I totally would have felt the same way he did, and would have told her the same. Yes, she messed up. Live and learn. Most guys and most ladies don't tolerate dating by the person they're sleeping with... this guy didn't.


----------



## chillymorn69 (Jun 27, 2016)

Maybe the sex wasn't as good as you thought.

If it was he will be calling for a booty call at some time..


----------



## Anastasia6 (May 28, 2017)

chillymorn69 said:


> Maybe the sex wasn't as good as you thought.
> 
> If it was he will be calling for a booty call at some time..

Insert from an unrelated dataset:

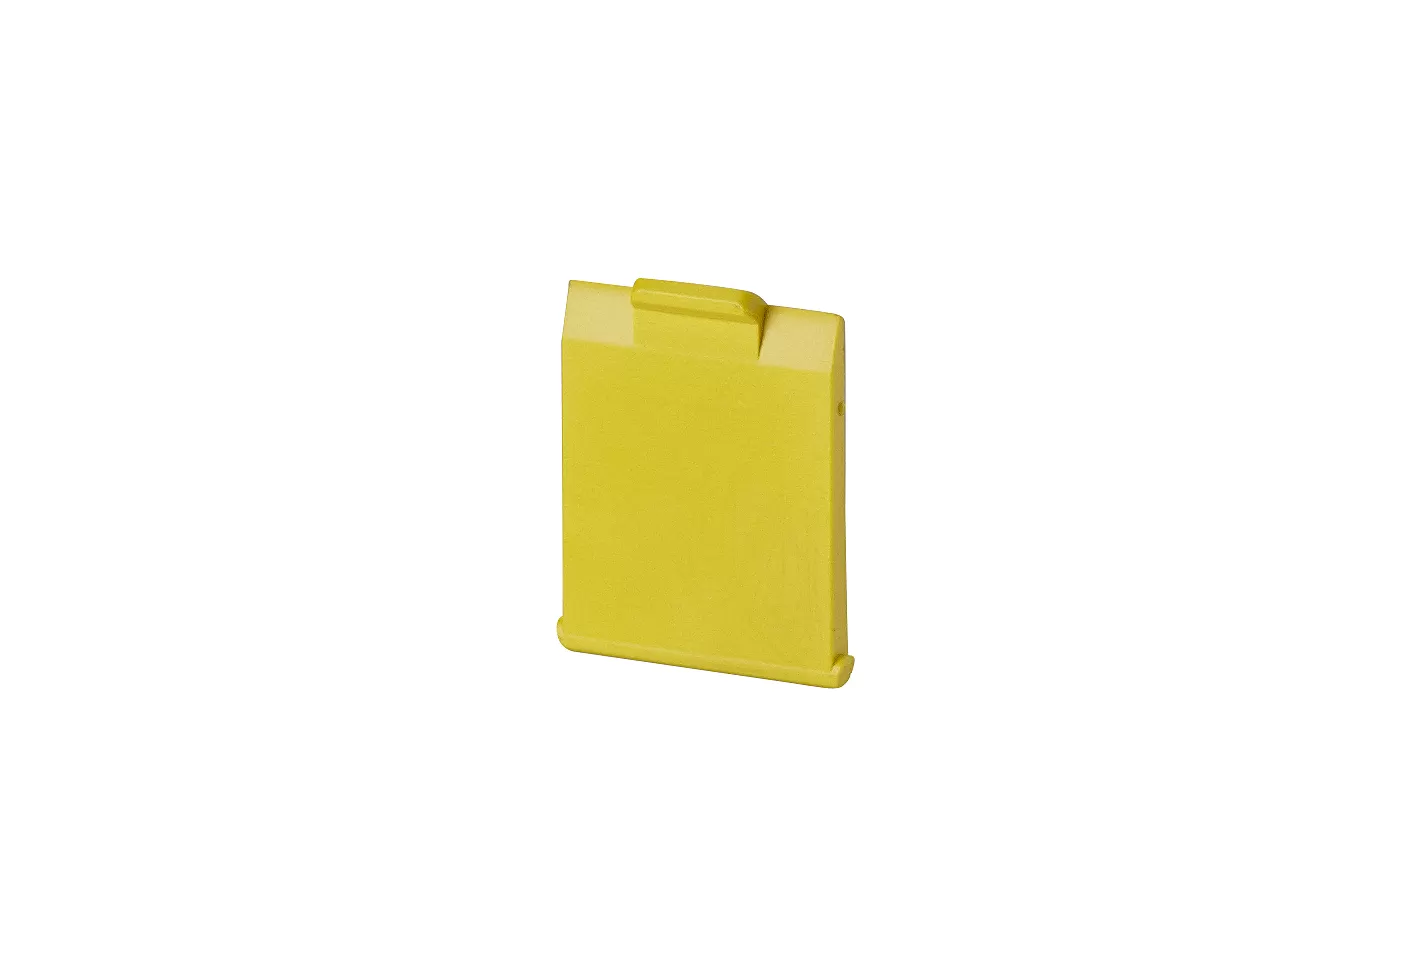 Metz Connect Staubschutzklappen für Anschlussdosen gelb 820394-0105-I

Not everyone is like this. If he broke it off because he didn't want to share he's not necessarily the booty call kind of jerk


----------



## chillymorn69 (Jun 27, 2016)

anastasia6 said:


> Not everyone is like this. If he broke it off because he didn't want to share he's not necessarily the booty call kind of jerk


Time will tell


----------



## Ursula (Dec 2, 2016)

lucy999 said:


> Sweetie, I'm sorry. It is such a jungle out there!
> 
> I can only speak from my own multi dating experience. First, it was damn fun. I had the time of my life. But I can tell you that some men absolutely lost their **** when I told them that I was dating other men. Perhaps they assumed I was sleeping with all of these men? I wasn't, but we never got that far in the conversation. My thinking was Why lay my eggs in one basket from the get-go?
> 
> ...


Yup, that makes 100% sense, and that's why James was the only guy that I was intimate with.


----------



## Ursula (Dec 2, 2016)

Evinrude58 said:


> ursula had never answered one question that I could see:
> 
> Why did she schedule a date with another dude, when she liked the one she was sleeping with and had the best sex of her life with? THAT I don't understand.
> 
> ...


Sorry, gave the computer a break this weekend, and am just getting around to looking at replies. @Evinrude58, I was just an idiot, plain and simple. I liked James, and still do, and even though I was pretty sure that it wouldn't have worked out in the end, I'd have happily dated him until then. The only thing that I can say is that I was burned in my marriage, and I wanted to be 110% sure that I was making the right decision with the right man this time. It didn't work out, and now I pay the price. I don't take subtle hints, nor do I question the other person about their dating trends. I wasn't sure if James had broken it off with the other woman; he never confirmed that. All I knew is that he was planning on talking to her. For all I know, that's who he's banging now. And for the record, Jerry is no longer either. That same night, I found out that he had been seeing someone else a month beforehand, who needed space. Apparently, she doesn't need space anymore, and he's gone to her, I'm guessing. So yeah, I lost out big time. I went on 3 "dates" this weekend, and can honestly say that none of them excited me to the point of wanting to see them again. I think I just need a break.


----------



## Ynot (Aug 26, 2014)

Ursula said:


> Sorry, gave the computer a break this weekend, and am just getting around to looking at replies. @Evinrude58, I was just an idiot, plain and simple. I liked James, and still do, and even though I was pretty sure that it wouldn't have worked out in the end, I'd have happily dated him until then. The only thing that I can say is that I was burned in my marriage, and I wanted to be 110% sure that I was making the right decision with the right man this time. It didn't work out, and now I pay the price. I don't take subtle hints, nor do I question the other person about their dating trends. I wasn't sure if James had broken it off with the other woman; he never confirmed that. All I knew is that he was planning on talking to her. For all I know, that's who he's banging now. And for the record, Jerry is no longer either. That same night, I found out that he had been seeing someone else a month beforehand, who needed space. Apparently, she doesn't need space anymore, and he's gone to her, I'm guessing. So yeah, I lost out big time. I went on 3 "dates" this weekend, and can honestly say that none of them excited me to the point of wanting to see them again. I think I just need a break.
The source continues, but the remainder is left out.